Прежде чем опыт показал, или знание человеческого сердца позволило людям предвидеть неизбежные злоупотребления такой конституции, она должна была казаться тем более превосходной, чем больше те, кому было поручено заботиться о ее сохранении, сами были в ней заинтересованы; ибо магистратура и права, связанные с ней, основываясь исключительно на фундаментальных законах, магистраты перестали бы быть законными, как только эти законы перестали бы существовать; народ больше не был бы обязан им повиноваться; и поскольку не магистраты, а законы существенны для бытия Государства, члены его восстановили бы право на свою естественную свободу.
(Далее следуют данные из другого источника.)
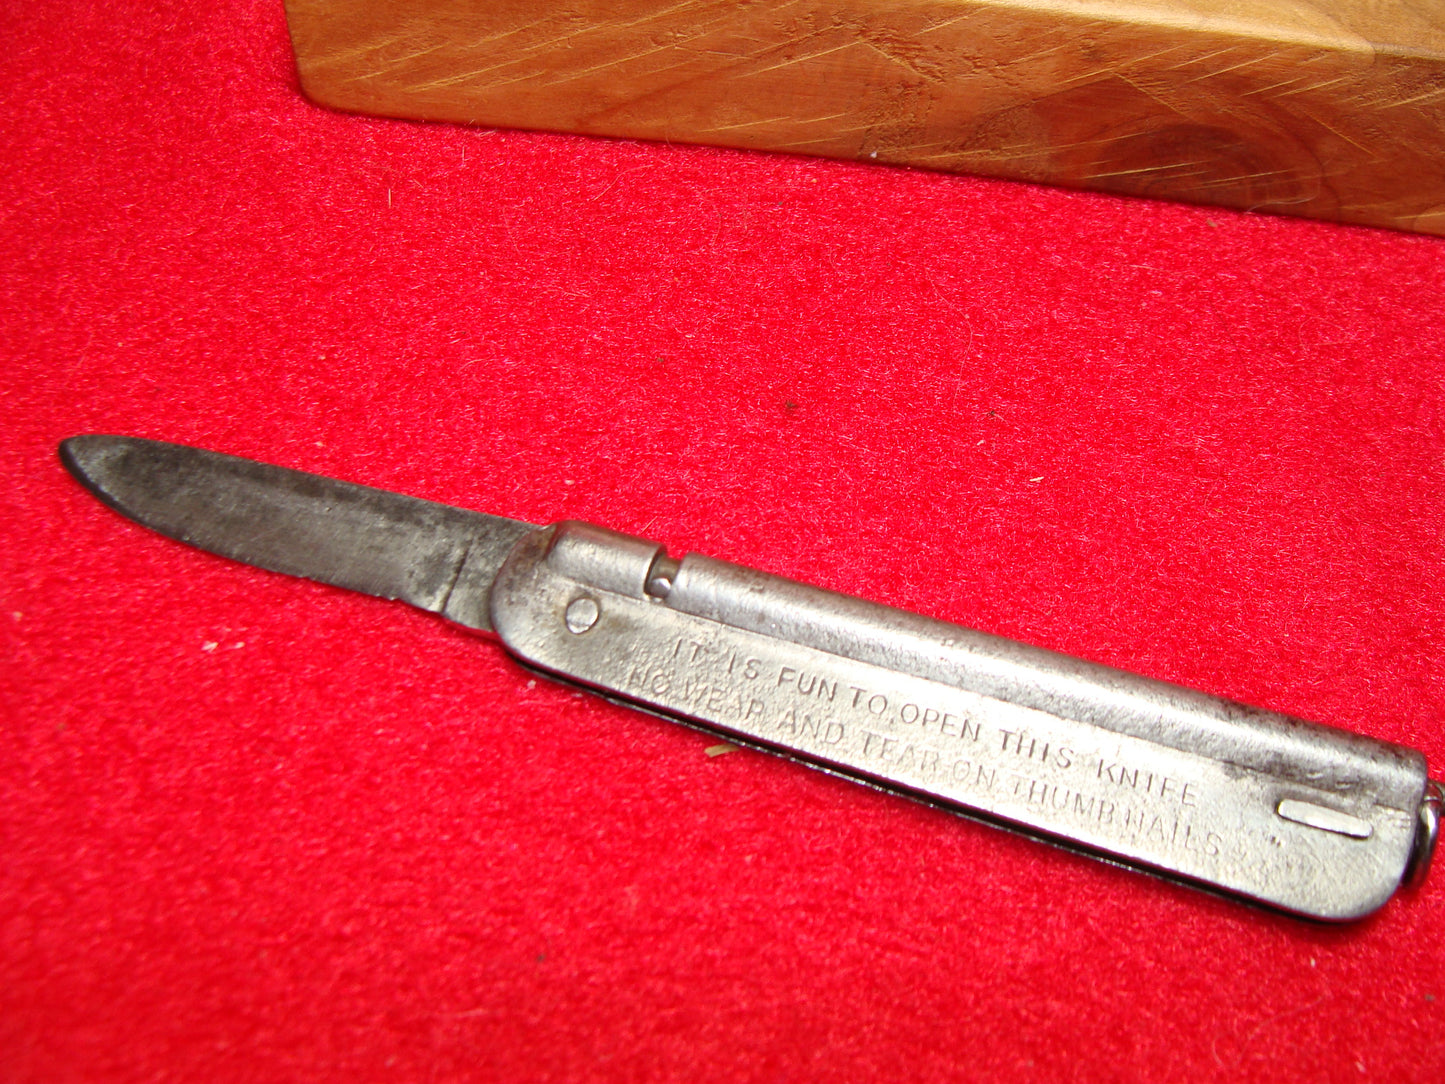 GEORGE MILLER NOVELTY PENKNIFE 1880-1889 BAIL RELEASE VINTAGE AMERICAN AUTOMATIC KNIFE ALL METAL
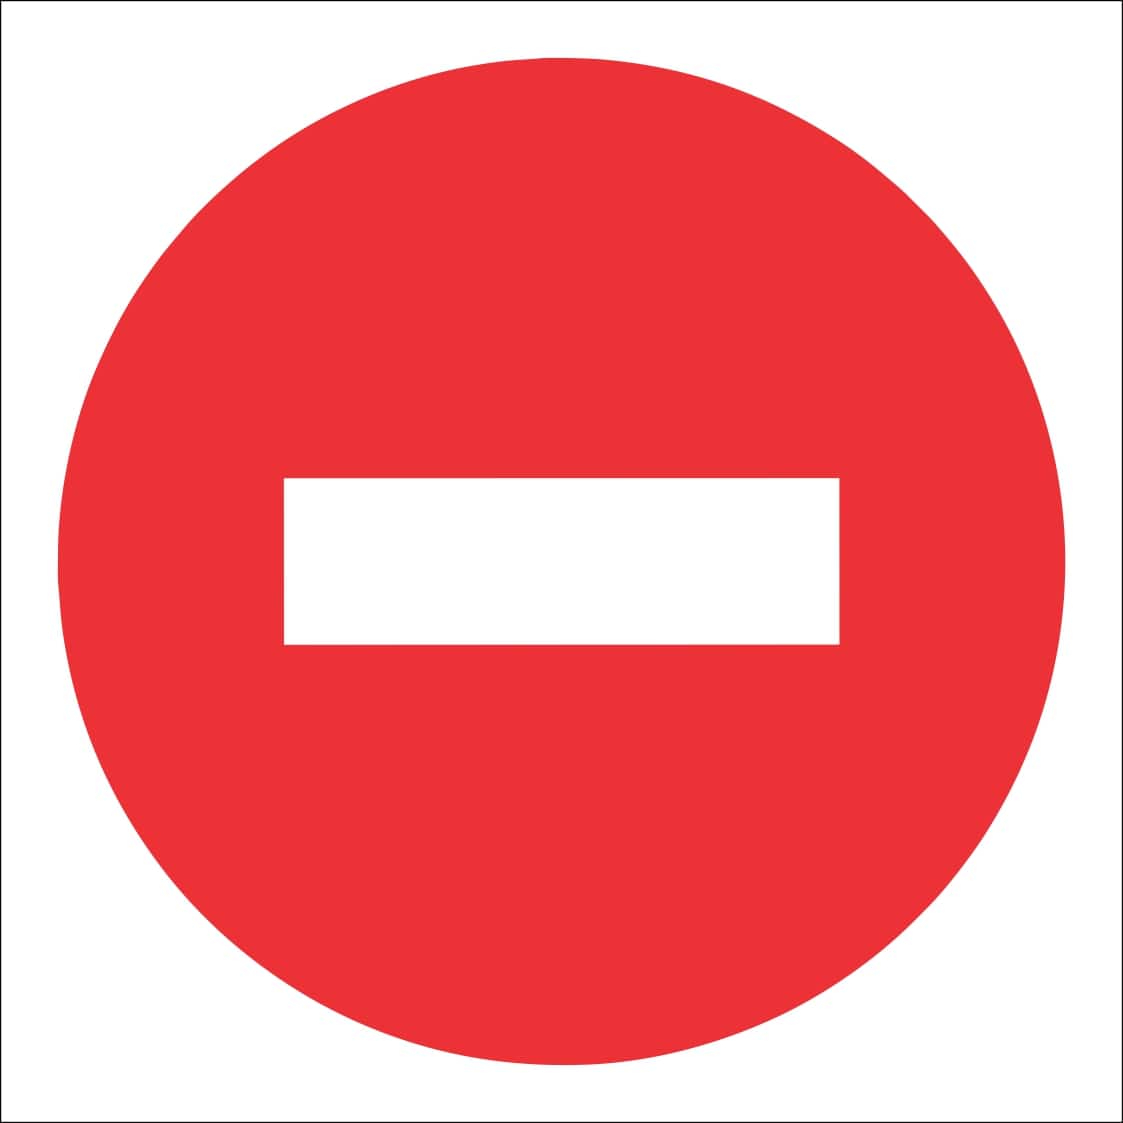 PV6 - No Entry Beyond This Point Safety Sign 190x190, 290x290, 440x440, 660x660, ABS, ChromaDek, Prohibitive Sign, Reflective, Safety Sign Direct Designs

Если мы поразмышляем с хоть малейшим вниманием на эту тему, мы найдем новые аргументы, подтверждающие эту истину, и убедимся из самой природы контракта, что он не может быть безотзывным: ибо, если бы не было высшей власти, способной обеспечить верность договаривающихся сторон или заставить их выполнять свои взаимные обязательства, стороны были бы единственными судьями в своем собственном деле, и каждый всегда имел бы право расторгнуть контракт, как только обнаружил бы, что другая сторона нарушила его условия или что они больше не соответствуют его удобству. Именно на этом принципе, возможно, может быть основано право отречения. Теперь, если, как здесь, мы рассматриваем только то, что есть человеческого в этом институте, несомненно, что если магистрат, который имеет всю власть в своих руках и присваивает себе все преимущества контракта, тем не менее имеет право отказаться от своей власти, народ, который страдает за все ошибки своего вождя, должен иметь гораздо лучшее право отказаться от своей зависимости. Но ужасные и бесчисленные ссоры и беспорядки, которые неизбежно возникли бы из такой опасной привилегии, показывают, больше чем что-либо другое, как сильно человеческие правительства нуждались в более прочной основе, чем просто разум, и как целесообразно было для общественного спокойствия, чтобы божественная воля вмешалась, чтобы наделить суверенную власть священным и неприкосновенным характером, который мог бы лишить подданных рокового права распоряжаться ею. Если бы мир не получил от религии никаких других преимуществ, этого было бы достаточно, чтобы наложить на людей обязанность принимать и культивировать ее, со всеми злоупотреблениями, поскольку это было средством спасения большего количества крови, чем когда-либо пролил фанатизм. Но давайте следовать нити нашей гипотезы.